→ What to do:
Output the data in full. Keep every word exact and exclude the pictures.

→ Data shown:
------------------------------------------------------------------------
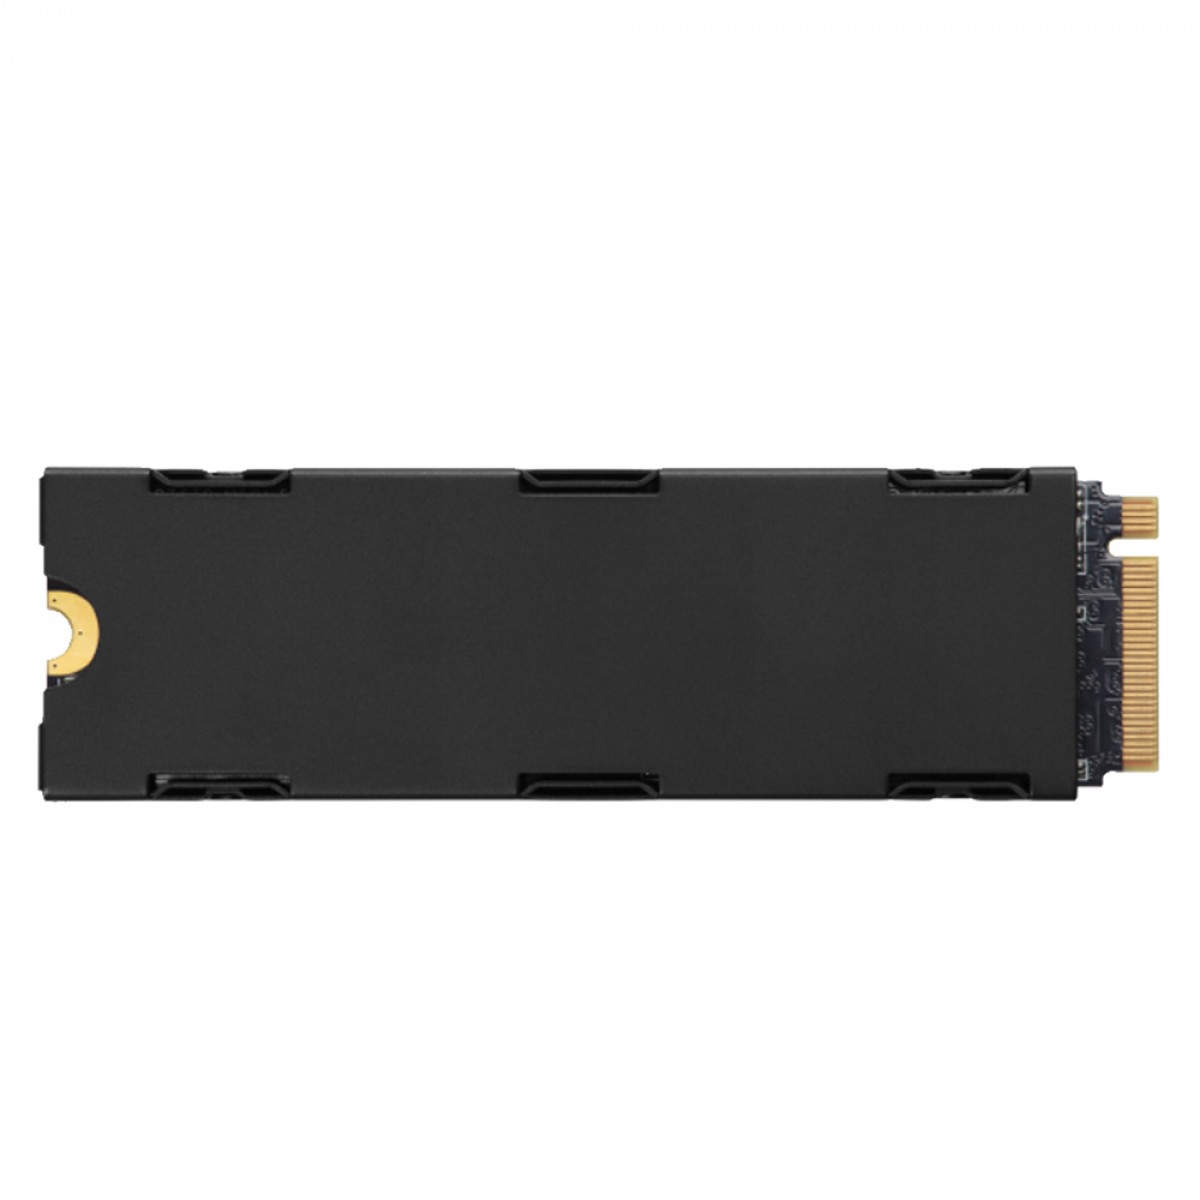 SSD Corsair MP600 Pro LPX, 500GB, M.2 2280, Leitura 7.100MBs e Gravação 3.700MBs, CSSD-F0500GBMP600PLP
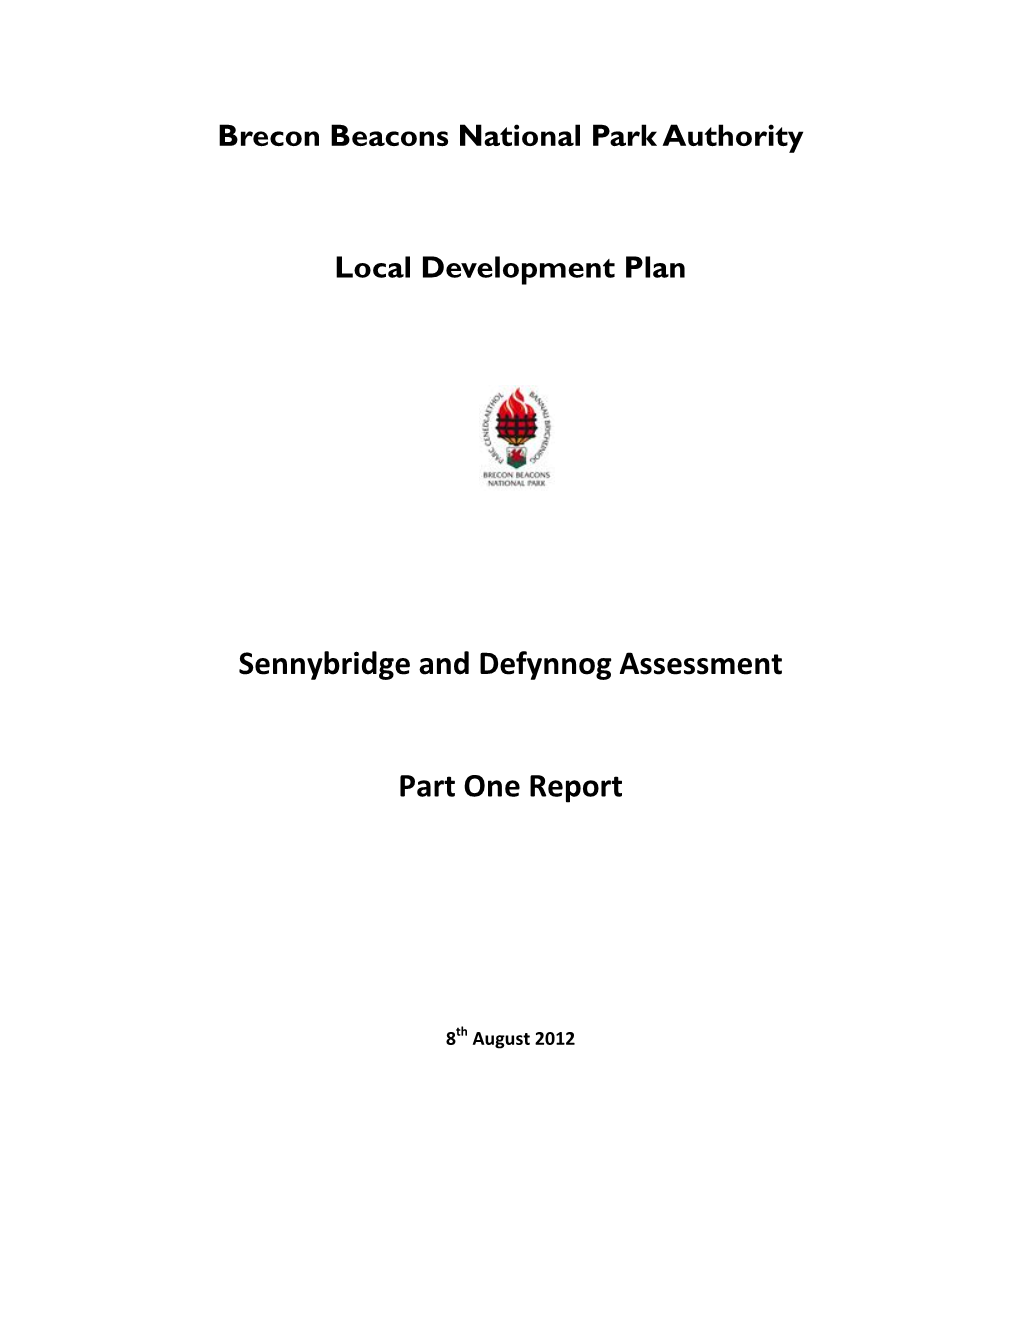 Sennybridge and Defynnog Assessment Part One Report
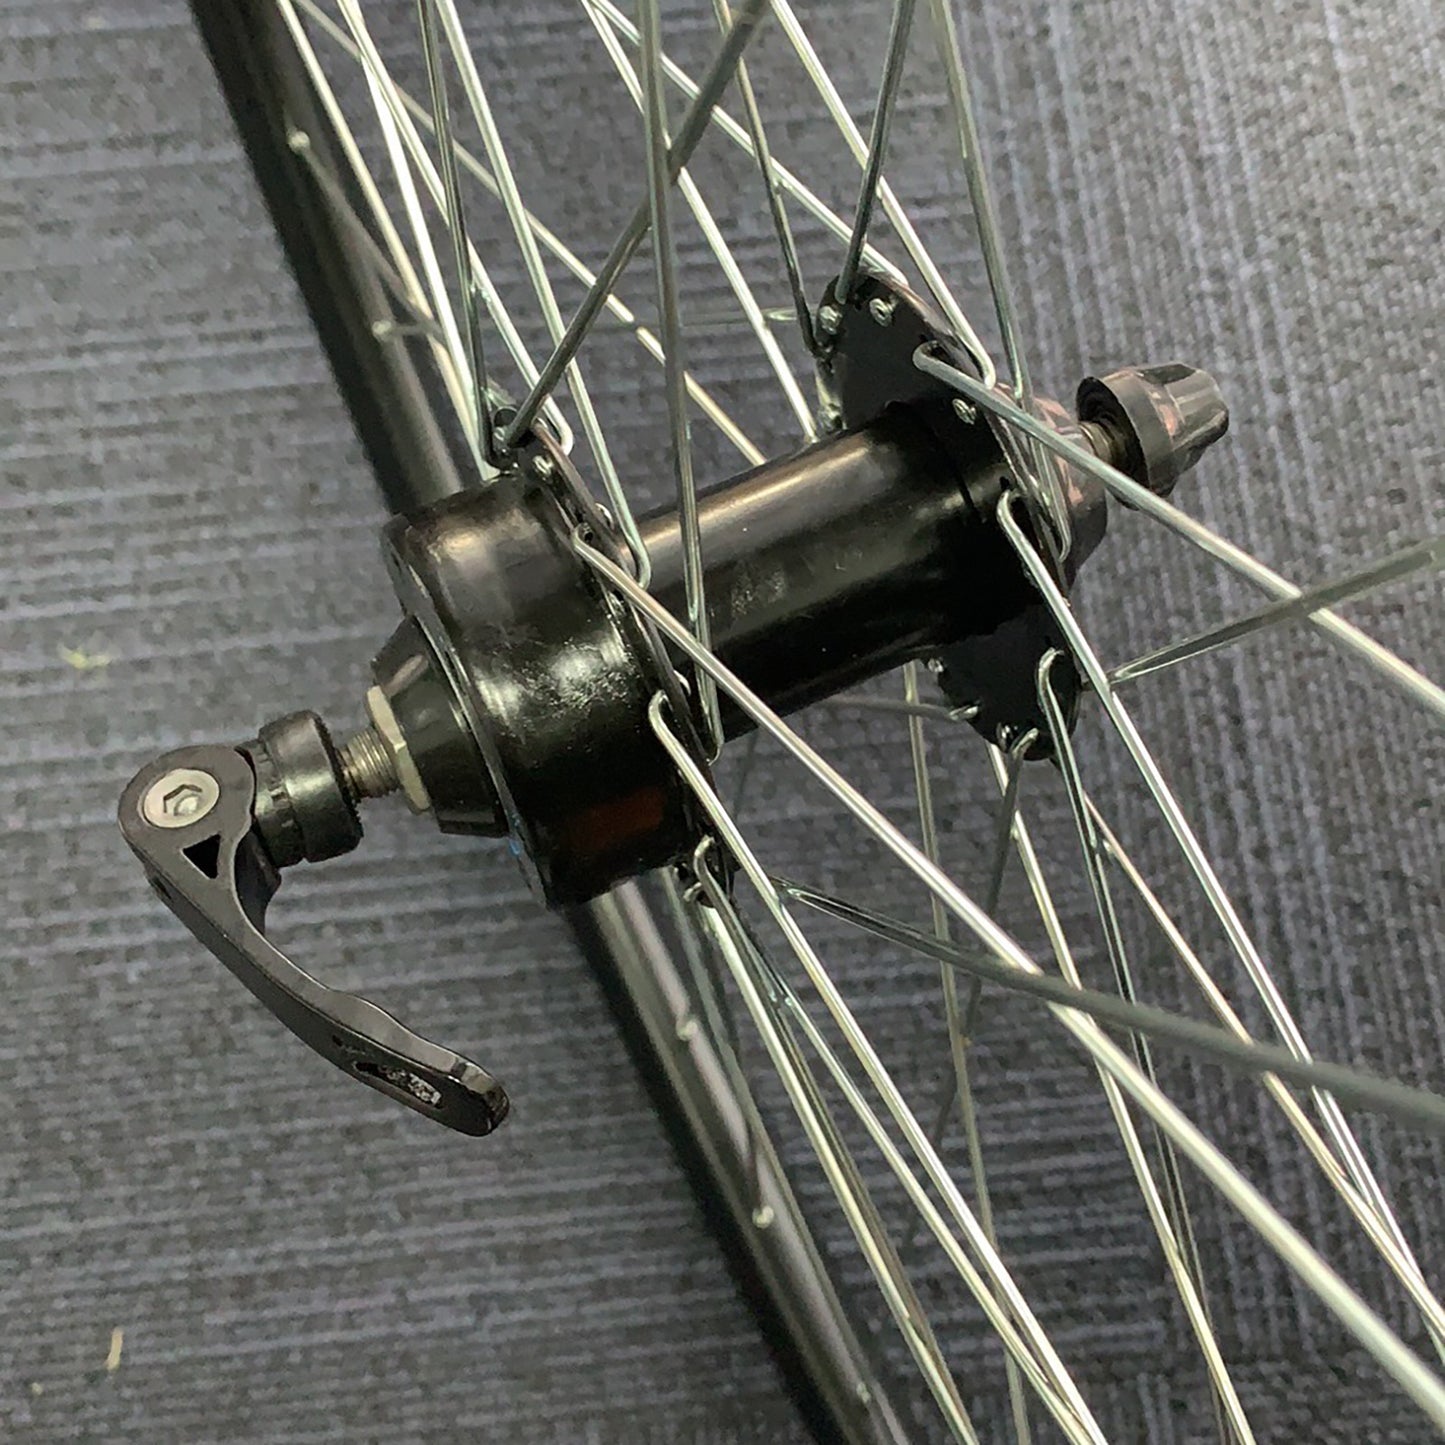 26" Inch Bike Bicycle Front/Rear quick release Wheel Rim for Mountain Bike MTB Push Bike
------------------------------------------------------------------------
→ Reply to the task:
 SSD Corsair MP600 Pro LPX, 500GB, M.2 2280, Leitura 7.100MBs e Gravação 3.700MBs, CSSD-F0500GBMP600PLP
 Sennybridge and Defynnog Assessment Part One Report
 26" Inch Bike Bicycle Front/Rear quick release Wheel Rim for Mountain Bike MTB Push Bike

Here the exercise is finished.